START Material shown

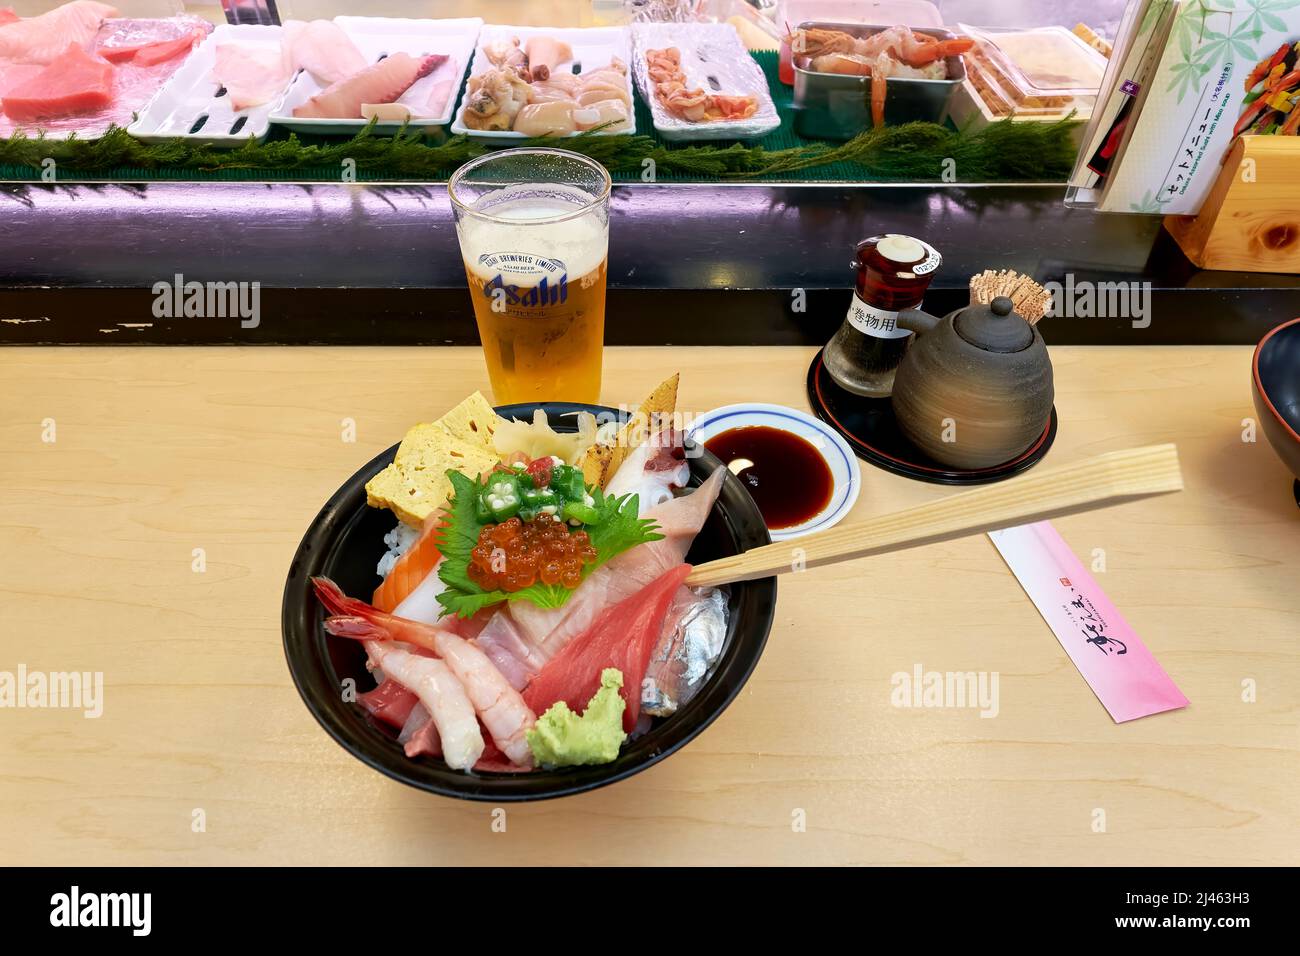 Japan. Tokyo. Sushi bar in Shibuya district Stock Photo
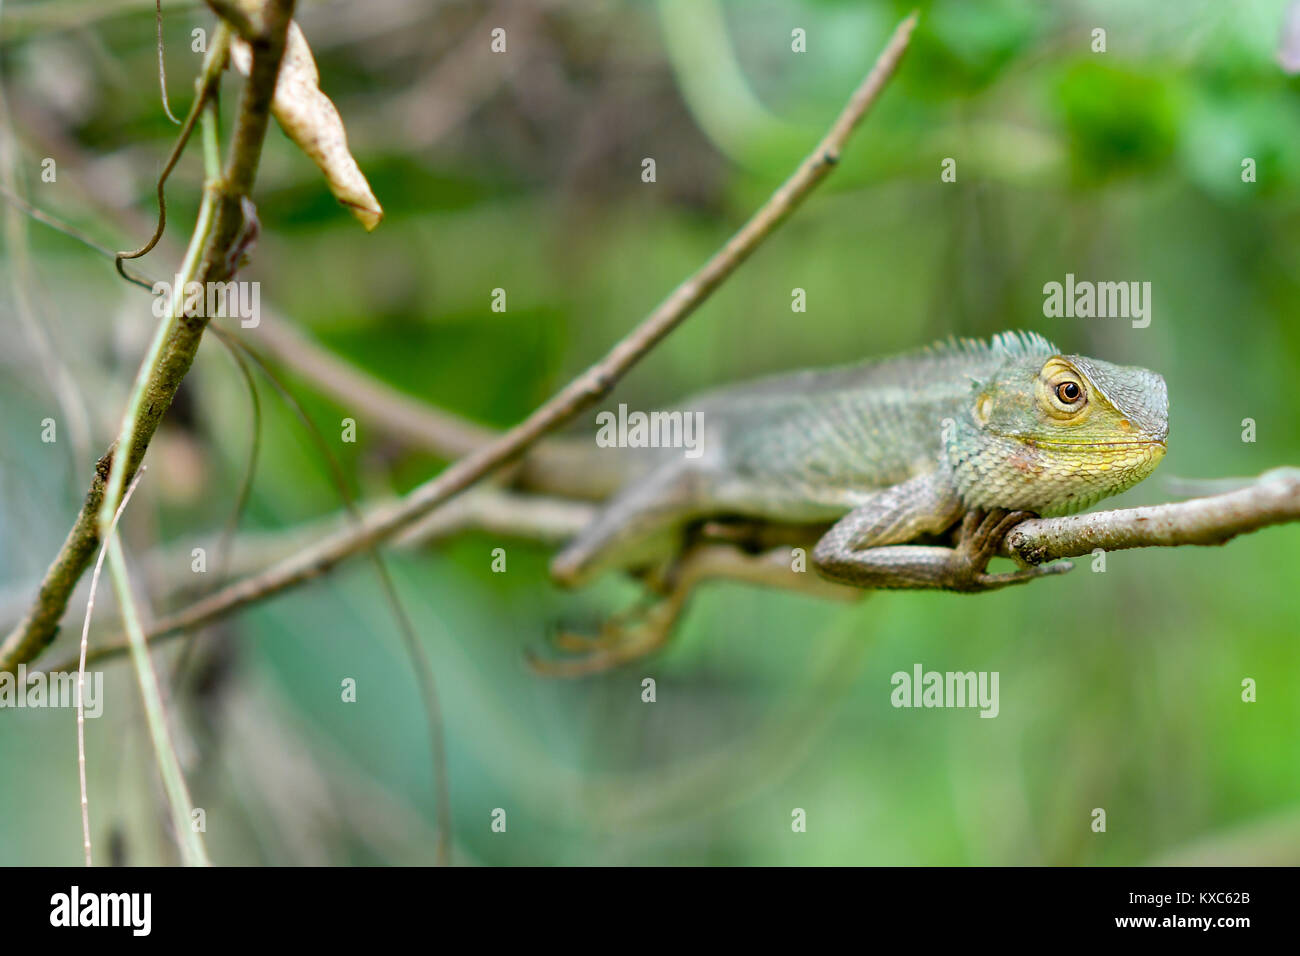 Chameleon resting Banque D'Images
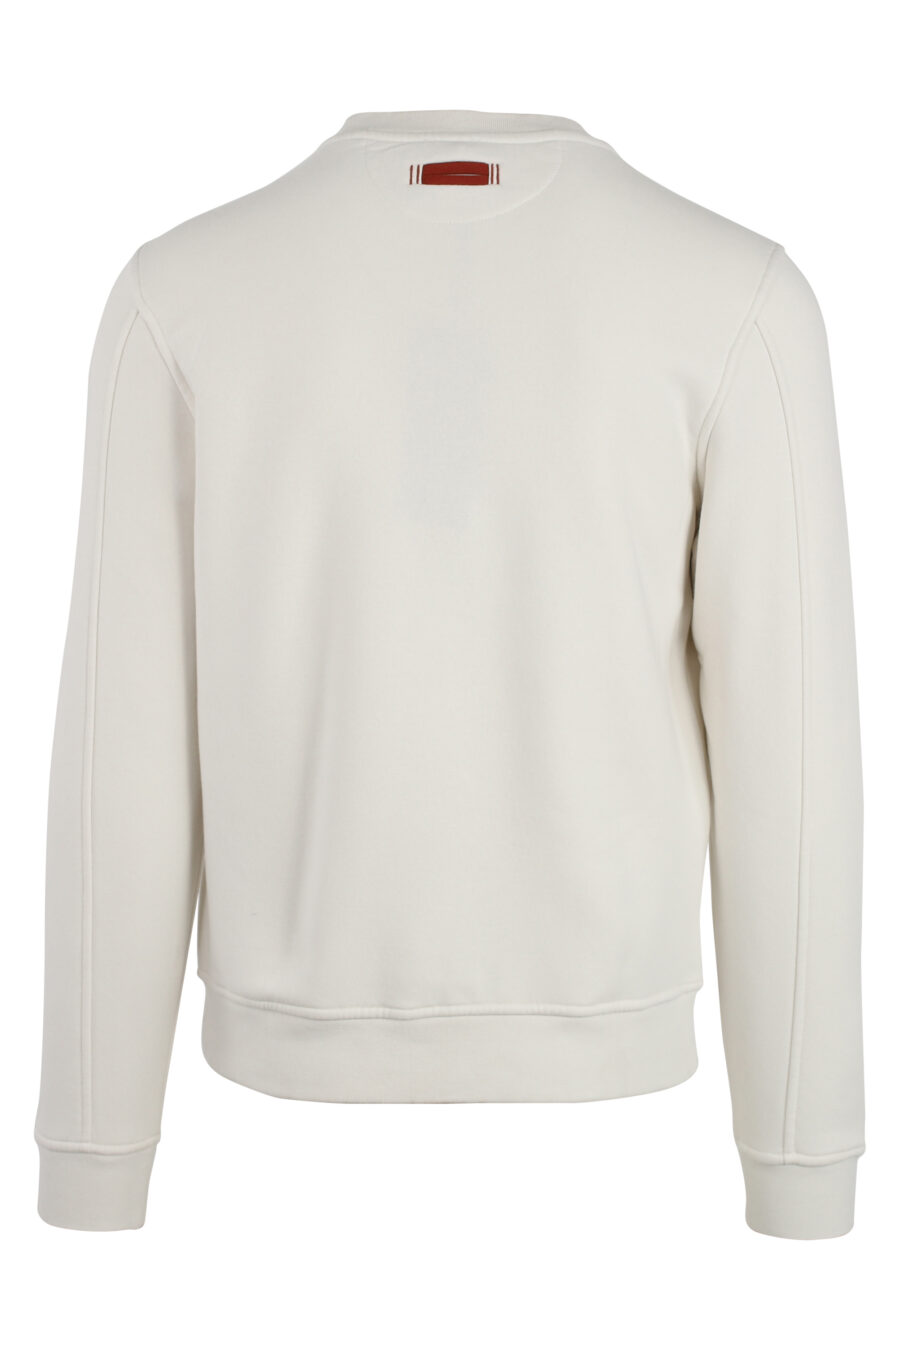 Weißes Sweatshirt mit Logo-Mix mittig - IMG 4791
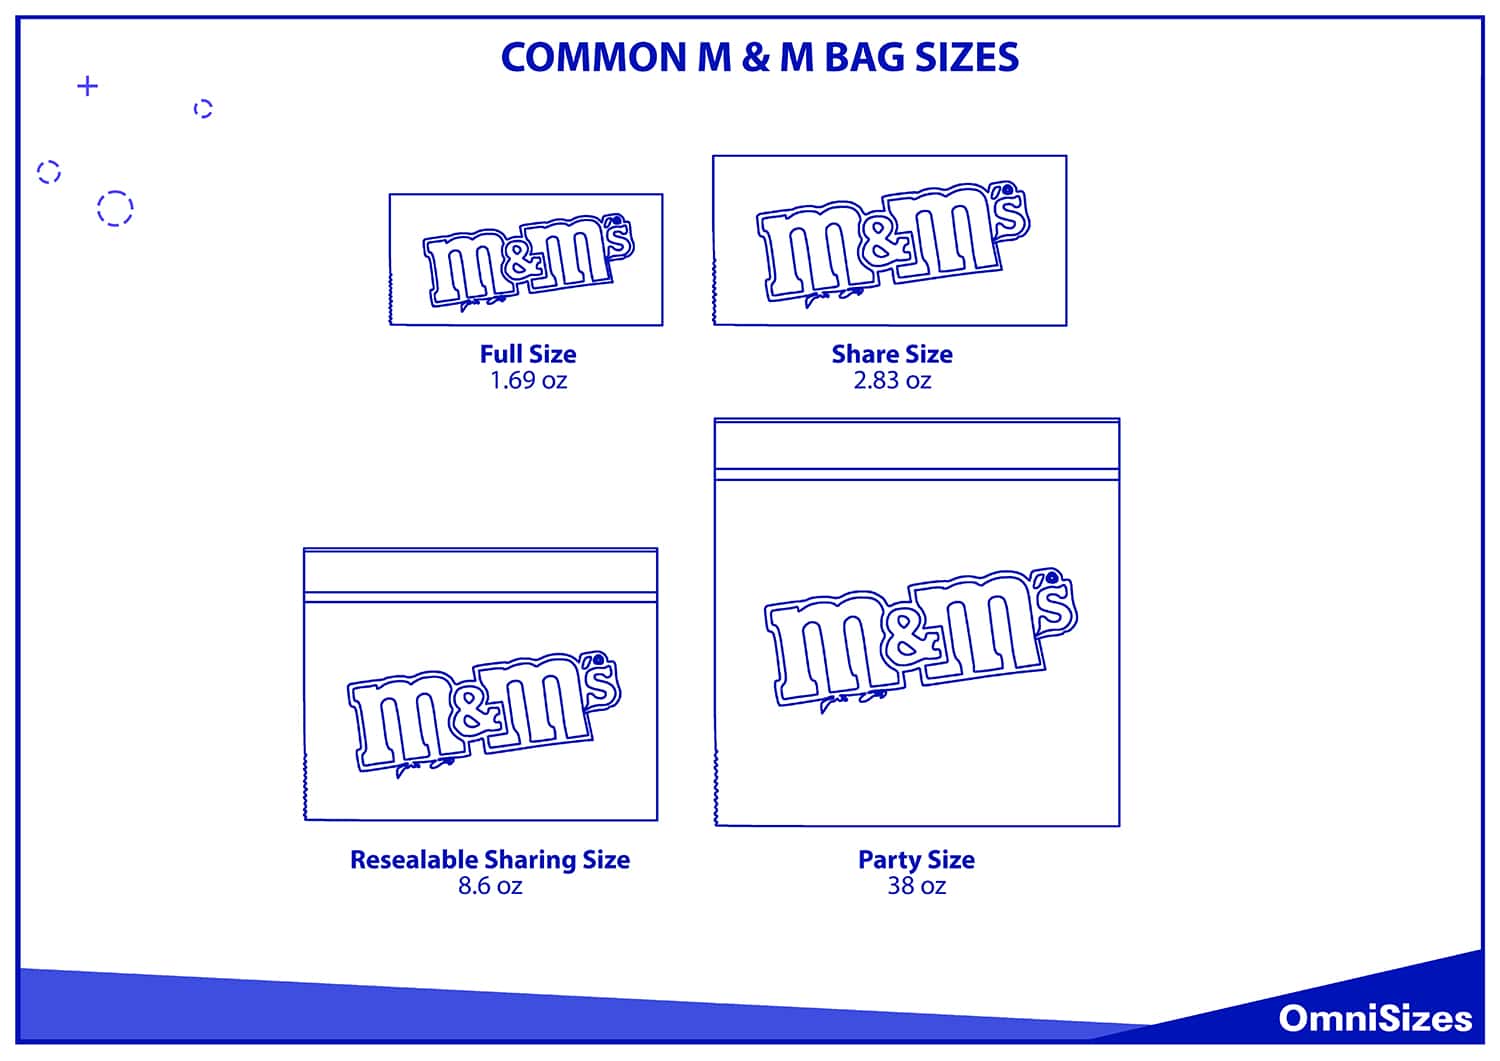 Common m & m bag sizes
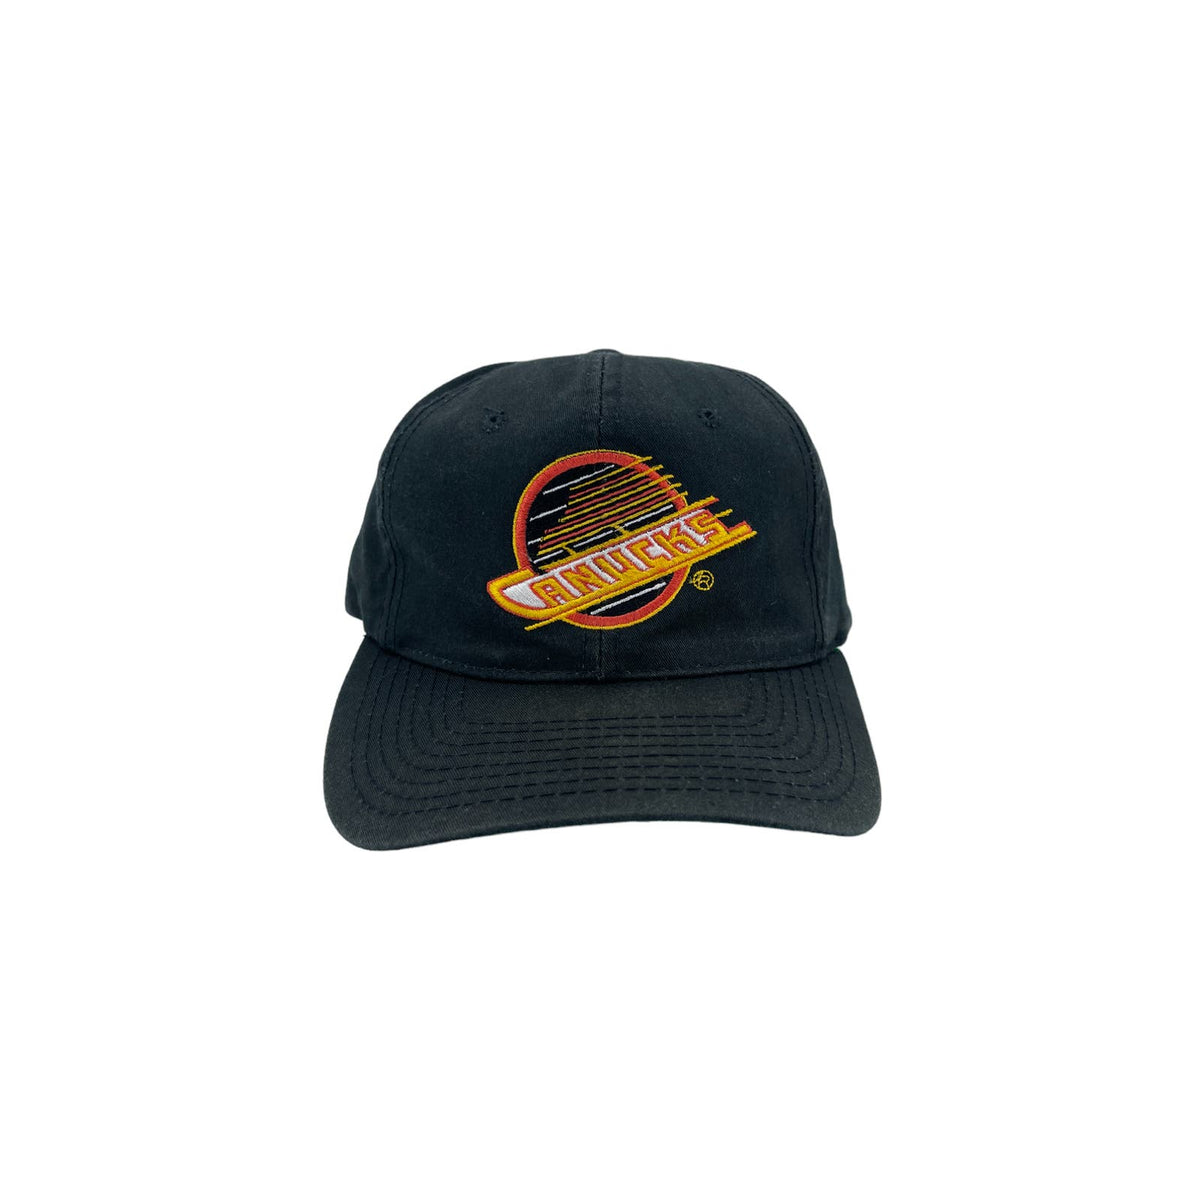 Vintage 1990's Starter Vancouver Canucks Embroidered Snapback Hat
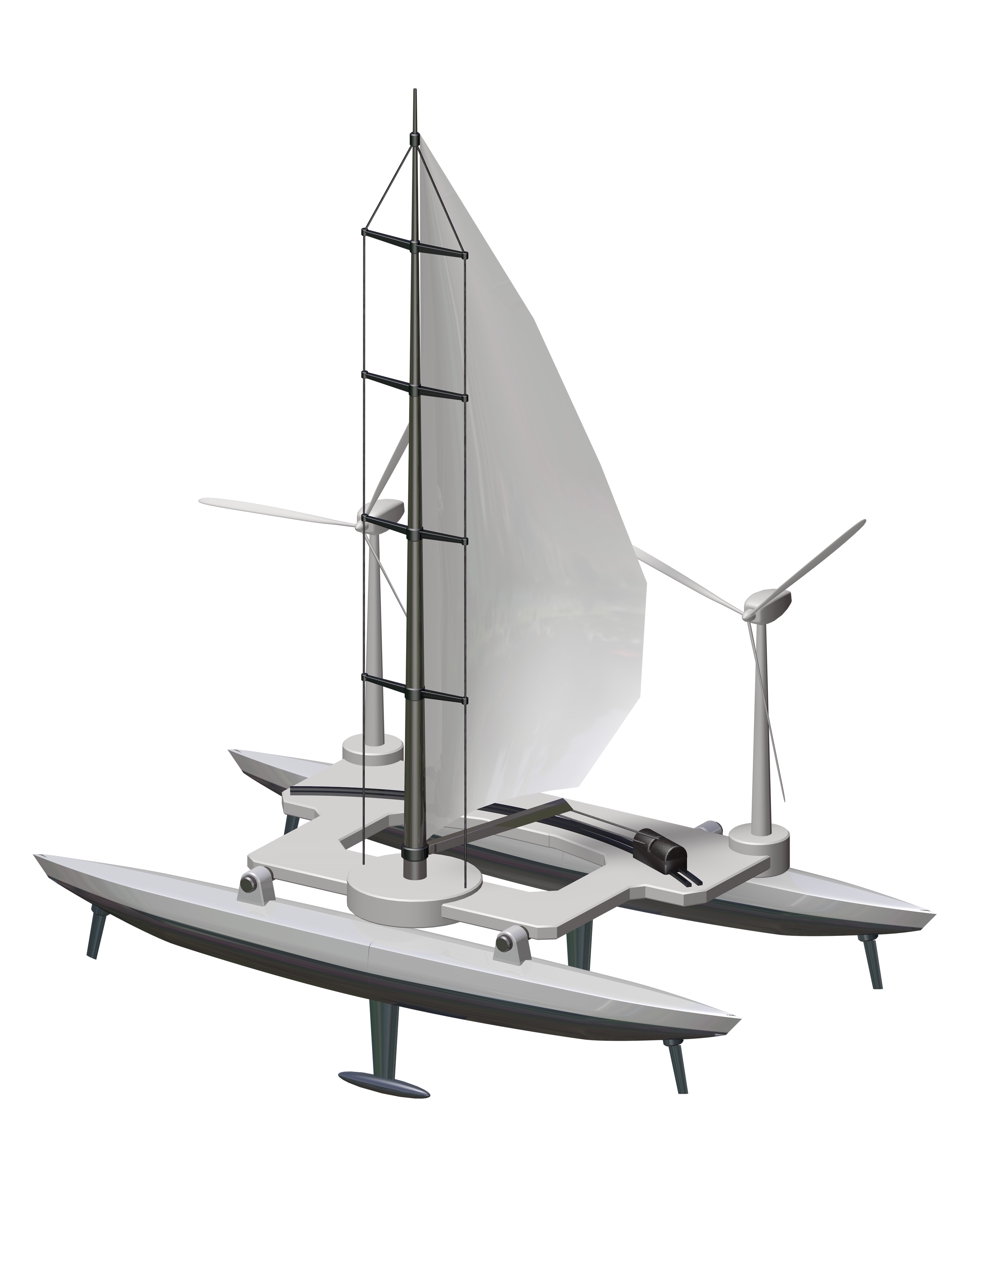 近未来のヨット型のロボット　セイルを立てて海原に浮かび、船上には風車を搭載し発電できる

END Material shown

▶ _Task description_
Before printing the records again, strip out the pictures; change nothing else.

▶ _Answer section_
 Japan. Tokyo. Sushi bar in Shibuya district Stock Photo
 Chameleon resting Banque D'Images
 Weißes Sweatshirt mit Logo-Mix mittig - IMG 4791
 Common m & m bag sizes
 Vintage 1990's Starter Vancouver Canucks Embroidered Snapback Hat
 近未来のヨット型のロボット　セイルを立てて海原に浮かび、船上には風車を搭載し発電できる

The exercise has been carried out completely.